Um dos maiores desafios de quem é dono de farmácia é responder à pergunta: “Quanto eu posso tirar de dinheiro da loja por mês?”. É muito comum vermos empresários que não têm um salário fixo e pagam boletos pessoais (escola dos filhos, aluguel, fatura do cartão) diretamente com o dinheiro do caixa da farmácia.
Essa mistura entre o CPF e o CNPJ é perigosa. Ela impede que você saiba se a sua farmácia é realmente lucrativa ou se você está apenas “consumindo” o capital de giro para manter seu padrão de vida. Para ter uma farmácia saudável e perene, você precisa de uma regra de retirada clara.
O pró-labore é a remuneração pelo seu trabalho na operação da farmácia. Se você trabalha no balcão, faz as compras ou gere a equipe, você é um funcionário de luxo da sua própria empresa.
Como definir: O valor deve ser justo, baseado no que o mercado pagaria para um gerente de farmácia com a sua carga horária.
Impacto Fiscal: Sobre o pró-labore incidem INSS e Imposto de Renda. Por isso, estrategicamente, ele costuma ser fixado em um valor menor, apenas para garantir a sua contribuição previdenciária e custos básicos.
A distribuição de lucros é o valor que você retira por ser o sócio, o investidor que colocou capital e corre o risco do negócio.
Vantagem Fiscal: Atualmente, no Brasil, a distribuição de lucros é isenta de Imposto de Renda para quem recebe (desde que a empresa tenha lucro contábil comprovado).
A Regra: Ela só deve acontecer se a farmácia estiver com todas as obrigações em dia e se houver lucro real após o pagamento de todas as despesas e impostos.
Para não quebrar o caixa, o faturamento da sua farmácia (após pagar fornecedores e despesas fixas) deve ser dividido de forma inteligente:
Reserva de Emergência: Antes de qualquer retirada extra, a empresa precisa de uma reserva que cubra de 3 a 6 meses de custos fixos. Isso é o que te dará sono tranquilo em meses de baixa.
Reinvestimento: Uma farmácia que não investe em novo layout, tecnologia ou mix de estoque fica para trás. Reserve uma porcentagem fixa (ex: 20% do lucro) para reinvestir no negócio.
Pró-labore: O seu valor fixo mensal, pago rigorosamente no mesmo dia que o salário dos funcionários.

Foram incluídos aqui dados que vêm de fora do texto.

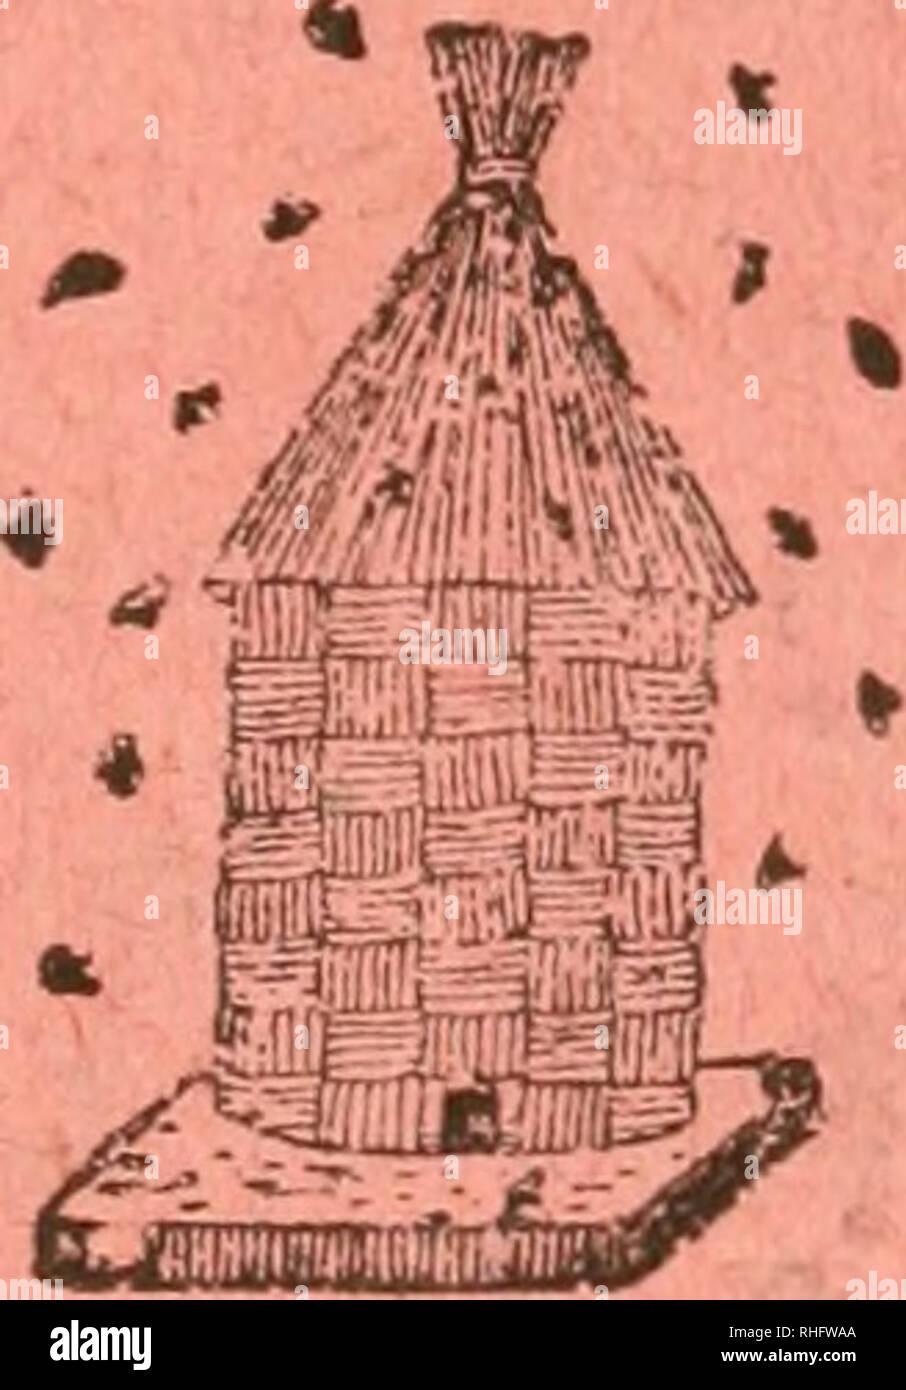 . - Boletà n de la Sociedad entomológica de España. Entomologie; Insekten. -^. Tomo V Junior - Mayo de 1922 Núms. 6-7 Entomológica BOLETÃN DE LA Sociedad de España Fundada el Q de Enero de 1918. ^^ â' Laboure et ordine SUMARIO Sección oficial. Sesiones celebradas El 2 de Oct y 2 de Mayo de 1922. f Comunioaclones. âCatálogo sistemático geográflco de los Coleóp - teros observados penà nsula de la - ibérica, Pirineos propiamente dichos y Baleares (continuación), Rdo. D. José María-a de la Fuente y Morales, PresbÃ-tero. âÃAs excursiones entomológicas durante El Verano de 1921 por e Stockfoto

Dividendos (Lucros): O que sobrar após a reserva e o reinvestimento pode ser distribuído.
O ideal é que a distribuição de lucros não seja mensal. O recomendado é que ela seja trimestral ou semestral.
Por que? Porque o varejo farmacêutico tem sazonalidade. Um mês excelente pode ser seguido por um mês de muitas compras de estoque. Ao retirar o lucro a cada seis meses, você garante que a empresa tenha fôlego para atravessar oscilações de mercado sem precisar de empréstimos bancários.
Você só pode distribuir lucros de forma isenta se a sua contabilidade estiver impecável. Sem um Balanço Patrimonial assinado e uma Demonstração de Resultados (DRE) que comprove o lucro, qualquer retirada acima do pró-labore pode ser tributada pelo fisco como salário, gerando multas pesadas.
Definir a sua retirada não é sobre o quanto você “quer” ganhar, mas sobre o quanto a sua farmácia “pode” pagar sem comprometer a reposição de estoque e o crescimento. Ter essa disciplina transforma você de um “dono de farmácia” em um gestor de patrimônio.